If I truncate the 41-byte hash to 33, I'd probably (certainly!) lost the uniqueness.

What makes you think you've got uniqueness now? Yes, there's clearly a higher chance of collision when you're only playing with 33 bytes instead of 41, but you need to be fully aware that collisions are only ever unlikely, not impossible, for any situation where it makes sense to use a hash in the first place. If you're hashing more than 41 bytes of data, there are clearly more possible combinations than there are hashes available.

Now, whether you'd be better off truncating the SHA-1 hash or using a shorter hash such as MD5, I don't know.

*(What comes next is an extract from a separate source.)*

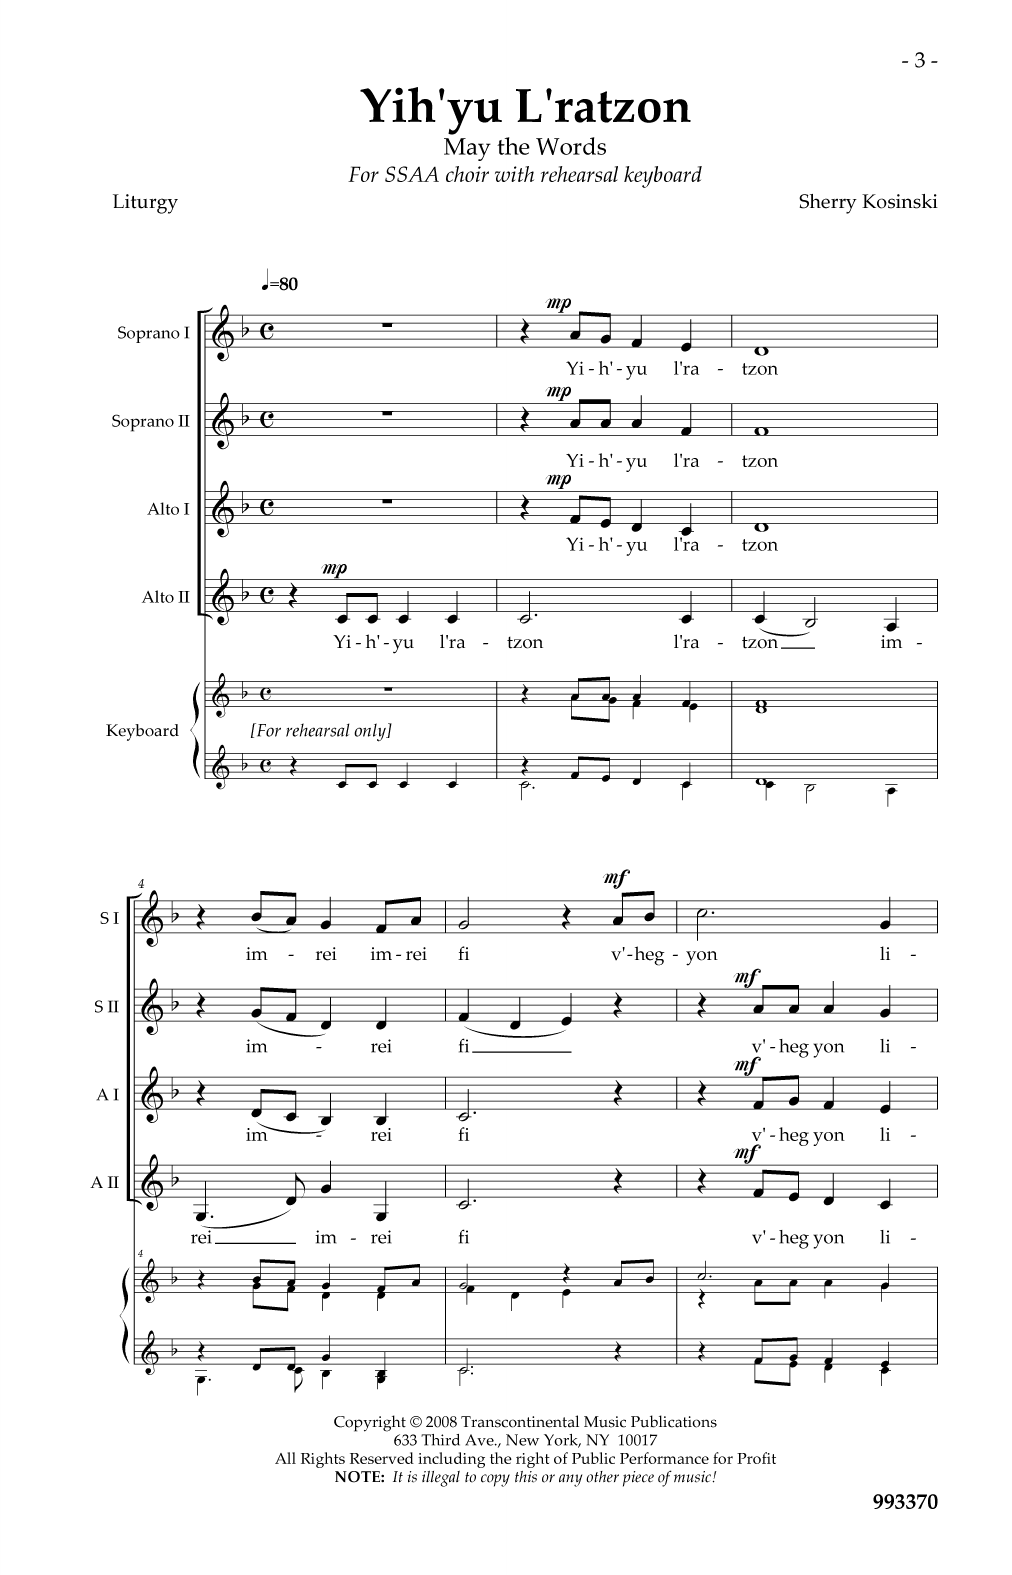 Sherry Kosinski Yih'yu L'ratzon (May the Words) Sheet Music Notes & Chords for SSAA Choir - Download or Print PDF
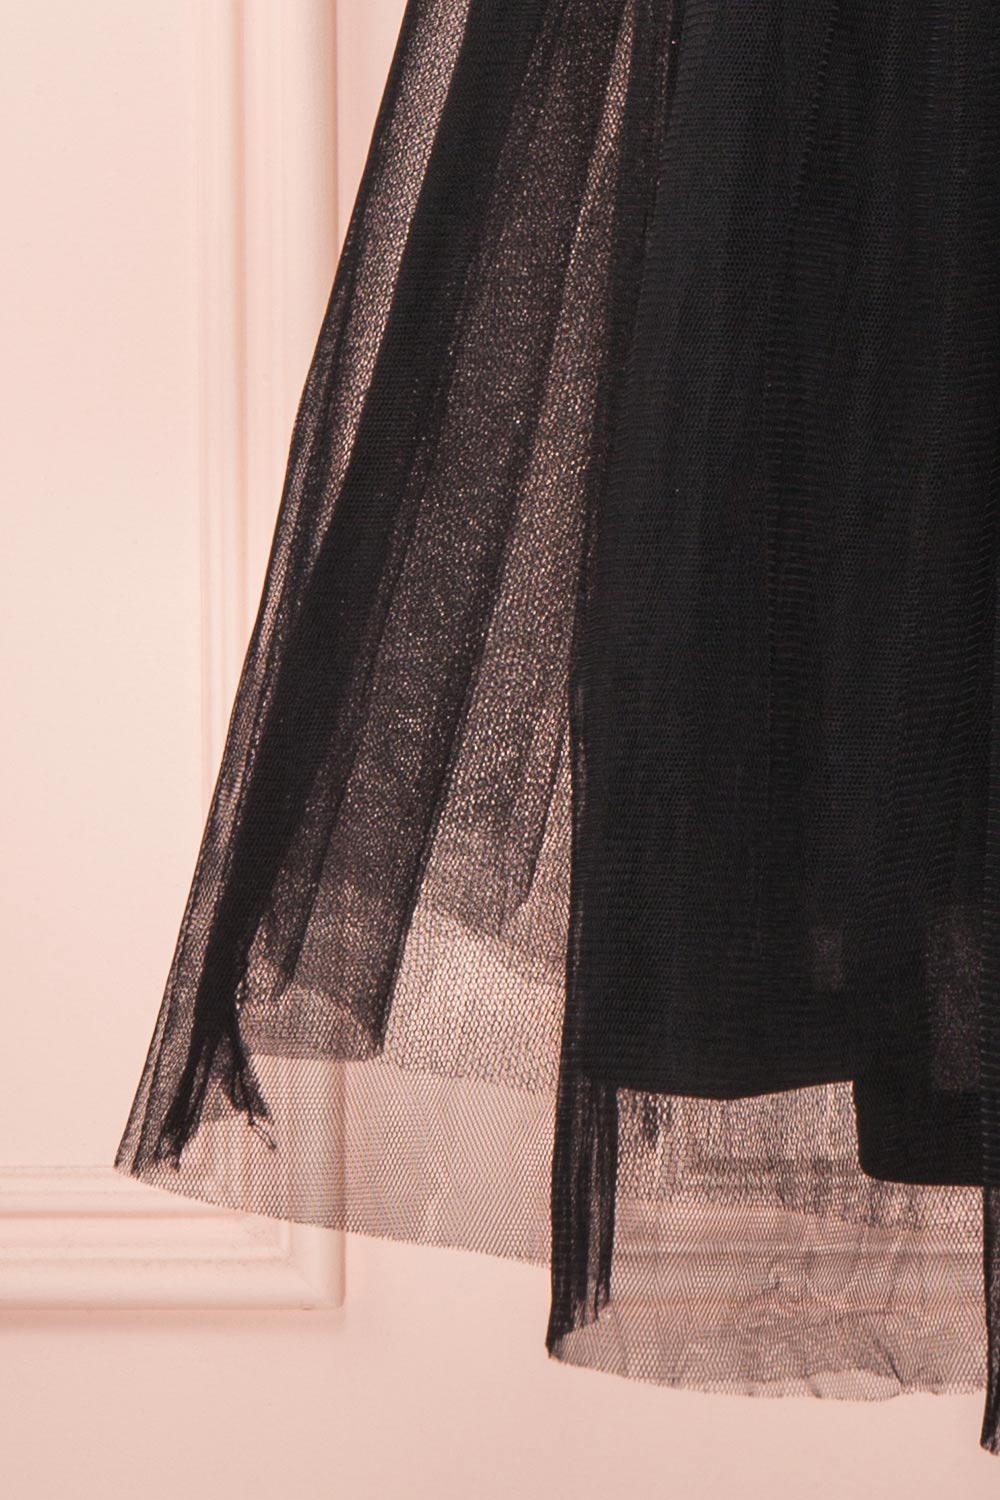 Kiyosu Mûre | Robe en Tulle Noire

I think I'd be more generally confident when keeping the whole of a hash, but MD5 has known vulnerabilities which may or may not be a problem for your particular application.


The way hashes are calculated that's unfortunately not possible. To limit the hash length to 33 bytes, you will have to cut it. You could xor the first and last 33 bytes, as that might keep more of the information. But even with 33 bytes you don't have that big a chance of a collision.

md5: http://www.md5hashing.com/c++/

btw. md5 is 16 bytes, sha1 20 bytes and sha256 is 32 bytes, however as hexstrings, they all double in size. If you can store bytes, you can even use sha256.


There is no more chance of collision with substring(sha_hash, 0, 33) than with any other hash that is 33 bytes long, due to the way hash algorithms are designed (entropy is evenly spread out in the resulting string).